Fatster had an eye appointment today, so I’m filling in! A few of her items from the past 24 hours are included.

❖ Senate Democrats managed to get an up-or-down vote on a federal judge without a filibuster, for the first time in I-can’t-remember.

❖ The Supreme Court will hear a challenge to the government’s electronic surveillance program, which would allow a lawsuit against the 2008 FISA Amendments Act to proceed.

❖ Glad to see an argument I’ve been pushing for a long time, about how to accurately understand whether or not TARP “worked,” make its way into The New York Times.

❖ Ezekiel Emanuel’s plea for means testing in Medicare and Social Security is a Trojan horse to put these systems on islands where they only help poor (read: undeserving) people.

❖ Dan Froomkin and Michael Calderone covers the Administration’s war on whistleblowers relative to a court case against the New York Times’ James Risen, where they basically argued against reporter privilege in national security cases.

❖ Seems sensible: AIG is back in the subprime mortgage game.

❖ According to a survey by Accenture, 65% of senior executives participating in the survey “said they had moved their manufacturing operations in the past 24 months, with two-fifths saying the facilities had been relocated to the U.S. China was the second destination (28%) . . . followed by Mexico (21%).”

❖ The Chicago Tribune had a big three-part story over the weekend on the toxic chemicals that can be found all over your house.

❖ Rep.
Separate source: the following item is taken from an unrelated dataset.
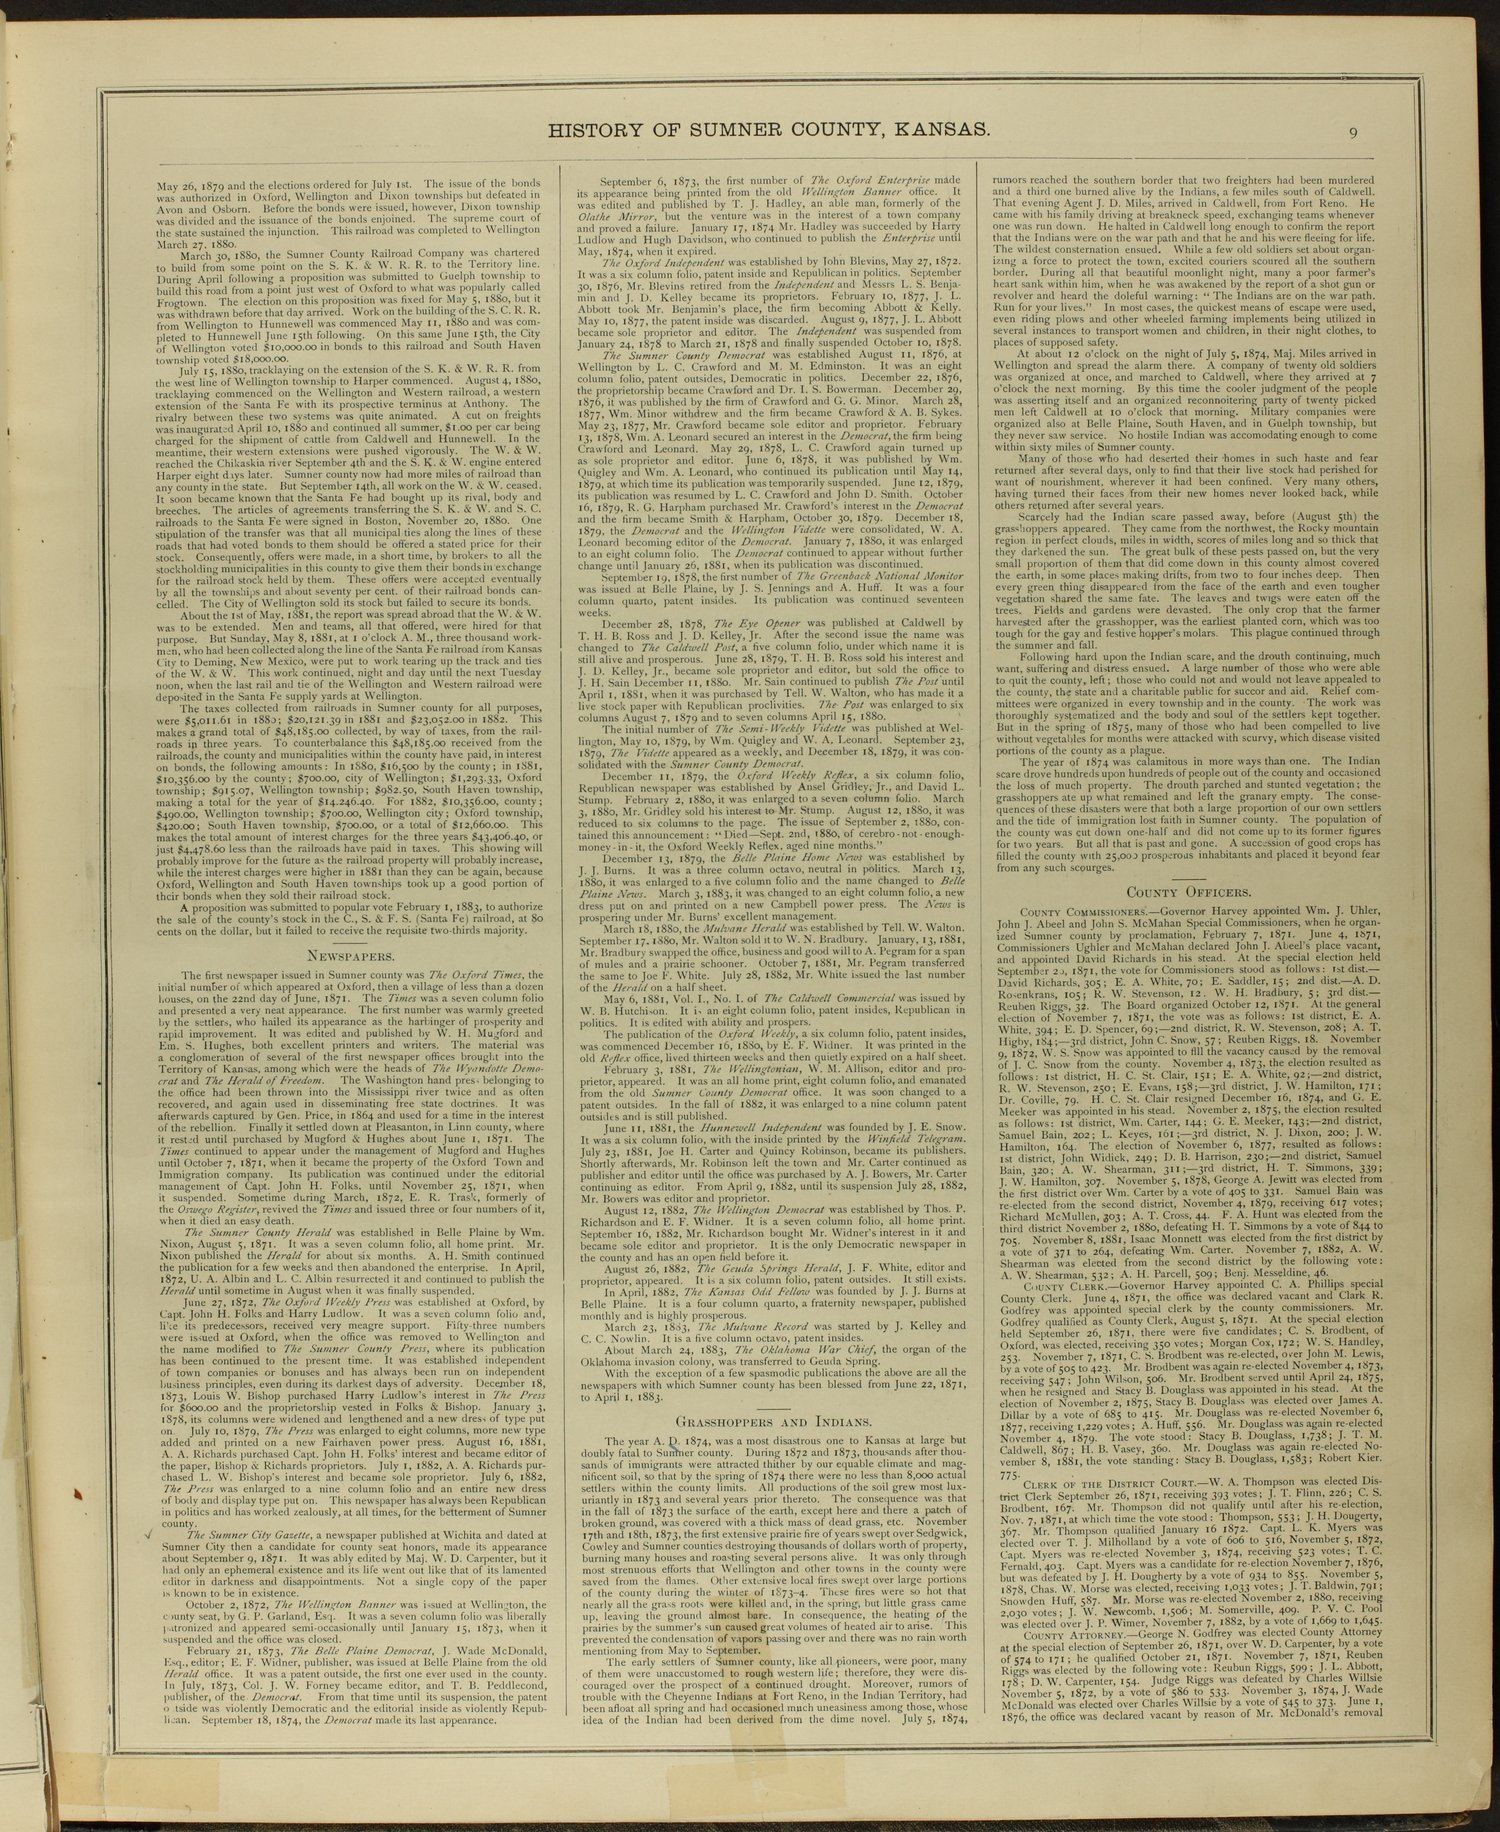 Historical atlas of Sumner County, Kansas - 9

Daniel Webster, who replaced Alan Grayson in the House, wants to get rid of the American Community Survey because “this is not a scientific survey. It’s a random survey.” That, of course, is what makes it scientific.

❖ What I took from this Gallup survey on the Presidential race is that Romney is seen as better than Obama, by two points, on housing and foreclosure issues.

Good start to this week’s nuclear talks with Iran. Of course, progress on diplomacy can hardly ever get mentioned in today’s media.

❖ Two large Catholic institutions have sued the Obama Administration over new rules on birth control that ensure universal access.

❖ Regulators going with a voluntary approach? That never happens!

❖ Lender Processing Services finds that mortgage delinquencies went up slightly in April. The problem with mortgage data, however, is the incredibly high margin of error.

❖ Juan Cole believes the spreading of the Syrian uprising to Aleppo is significant, and could spell danger for the Assad regime. At any rate, Western powers seem mostly concerned with securing the country’s chemical weapons stockpiles.

❖ Nuclear Regulatory Commission chief Gregory Jaczko is out, the victim of a coordinated attack from the nuclear power industry and some of his fellow commissioners.

❖ “The Campaign Against Women”. Major editorial appeared in Sunday’s NYT about the Republican War on Women. It concludes: “Whether this pattern of disturbing developments constitutes a war on women is a political argument. That women’s rights and health are casualties of Republican policy is indisputable.”

❖ Thanks to the debt limit deal, hundreds of thousands of students will see their Pell grants revoked. Winning the future!

❖ 7.5% unemployment predicted a year and a half from now. That would be pretty terrible economic performance.

❖ Another rape allegation for the embattled Dominique Strauss-Kahn, this time over a gang rape in the US.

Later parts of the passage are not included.